# General > Literature >  Here's a story!

## Angel

Had a crazy idea last night about creating a story on the org...

The idea is... I'll start with something (below) and anyone can add to it with as much or as little as they wish as long as it follows on. Depending on the humour or moods of the contributors as it progresses it should take all sorts of unpredictable twists and turns... 
Should the idea of the story take off, I would suggest you use the previous 5 post prior as direction...
If there appears a long delay between post (a week or more) I shall contribute.

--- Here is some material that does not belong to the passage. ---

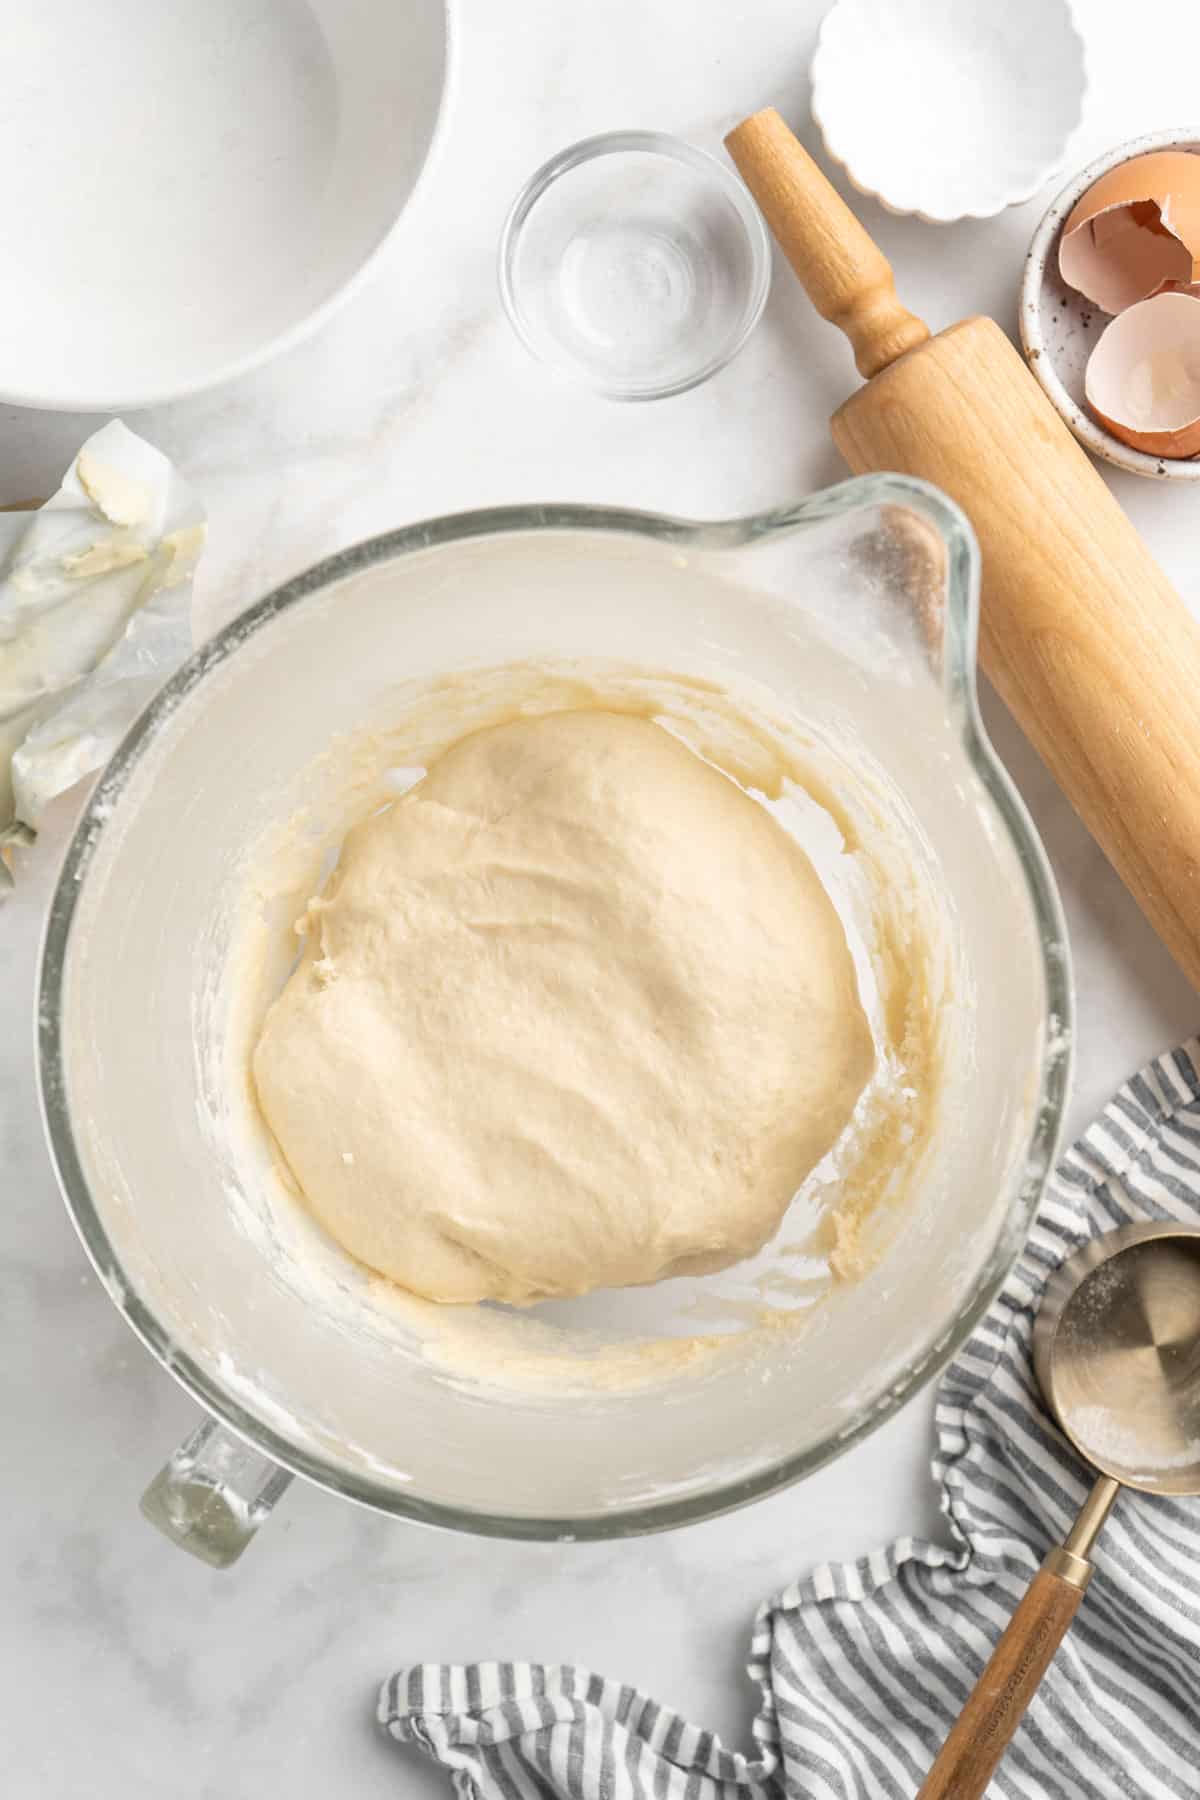 Kneaded dough in a large bowl.

Just thought it would be fun...

Here we go...

It wasn't the first truck to stop but the driver looked more inviting, beside which he lived in Perth so should know the place well enough to direct me to Theatre. The tattoo on the drivers arm looked familiar, so I asked him about it...

Angel...

----------


## shazzap

We have done this before Angel. But some still might want to participate.  :Smile:

----------


## golach

Not a new idea, this story has been running for a long time

http://forum.caithness.org/showthrea...r-ending-story

----------


## Angel

Oh, I didn't know... 

Anyway, 6 words is so restricting, thought my idea was a more challenging... we'll see how it goes... but thanks for the info and link Golach...

Angel...

----------


## golach

now your idea has been moved to the Literature Forum Angel, get typing, and best of luck

----------